**Problem details:** Only the lines below starting at the one that contains "Gana QUASE consegue" and ending at the one that contains "Kyrkogårdens gröna kulturarv, red." are to be reproduced, exactly and with both ends kept.

**Supplied material:**
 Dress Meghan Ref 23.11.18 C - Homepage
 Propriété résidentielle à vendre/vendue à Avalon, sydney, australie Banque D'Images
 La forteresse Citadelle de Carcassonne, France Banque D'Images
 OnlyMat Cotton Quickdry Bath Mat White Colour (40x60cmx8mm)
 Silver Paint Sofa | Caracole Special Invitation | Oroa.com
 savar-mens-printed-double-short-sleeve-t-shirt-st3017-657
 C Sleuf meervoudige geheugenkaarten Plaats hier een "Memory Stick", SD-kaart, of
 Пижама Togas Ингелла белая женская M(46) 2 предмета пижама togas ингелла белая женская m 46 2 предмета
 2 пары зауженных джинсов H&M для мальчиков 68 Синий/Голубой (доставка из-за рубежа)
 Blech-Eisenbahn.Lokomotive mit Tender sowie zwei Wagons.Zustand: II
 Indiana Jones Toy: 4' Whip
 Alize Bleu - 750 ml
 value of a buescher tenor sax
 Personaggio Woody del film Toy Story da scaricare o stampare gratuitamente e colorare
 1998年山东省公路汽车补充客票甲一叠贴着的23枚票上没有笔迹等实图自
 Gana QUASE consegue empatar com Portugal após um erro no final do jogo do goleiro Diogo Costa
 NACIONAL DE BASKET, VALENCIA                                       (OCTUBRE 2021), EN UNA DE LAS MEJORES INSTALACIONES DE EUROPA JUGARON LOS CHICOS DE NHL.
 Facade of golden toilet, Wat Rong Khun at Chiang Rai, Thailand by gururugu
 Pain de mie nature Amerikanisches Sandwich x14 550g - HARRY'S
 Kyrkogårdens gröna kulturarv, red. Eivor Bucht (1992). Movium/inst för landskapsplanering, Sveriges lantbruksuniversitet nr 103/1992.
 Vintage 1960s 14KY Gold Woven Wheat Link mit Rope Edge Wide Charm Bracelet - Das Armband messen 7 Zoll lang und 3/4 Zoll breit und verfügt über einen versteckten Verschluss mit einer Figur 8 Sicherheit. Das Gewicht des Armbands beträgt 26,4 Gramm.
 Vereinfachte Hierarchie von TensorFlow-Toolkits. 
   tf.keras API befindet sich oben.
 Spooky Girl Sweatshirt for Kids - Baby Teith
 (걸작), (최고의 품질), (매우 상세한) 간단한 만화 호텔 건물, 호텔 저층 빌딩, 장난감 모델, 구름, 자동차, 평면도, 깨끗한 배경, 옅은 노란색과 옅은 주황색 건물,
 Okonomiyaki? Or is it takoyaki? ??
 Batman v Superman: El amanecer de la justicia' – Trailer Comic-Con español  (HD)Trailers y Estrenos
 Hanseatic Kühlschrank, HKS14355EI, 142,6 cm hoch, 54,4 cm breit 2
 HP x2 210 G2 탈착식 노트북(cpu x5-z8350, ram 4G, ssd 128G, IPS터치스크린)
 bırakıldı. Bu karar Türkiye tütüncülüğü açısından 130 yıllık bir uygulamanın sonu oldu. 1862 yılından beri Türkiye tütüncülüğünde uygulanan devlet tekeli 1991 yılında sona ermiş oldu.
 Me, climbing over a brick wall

**Completed task:**
 Gana QUASE consegue empatar com Portugal após um erro no final do jogo do goleiro Diogo Costa
 NACIONAL DE BASKET, VALENCIA                                       (OCTUBRE 2021), EN UNA DE LAS MEJORES INSTALACIONES DE EUROPA JUGARON LOS CHICOS DE NHL.
 Facade of golden toilet, Wat Rong Khun at Chiang Rai, Thailand by gururugu
 Pain de mie nature Amerikanisches Sandwich x14 550g - HARRY'S
 Kyrkogårdens gröna kulturarv, red. Eivor Bucht (1992). Movium/inst för landskapsplanering, Sveriges lantbruksuniversitet nr 103/1992.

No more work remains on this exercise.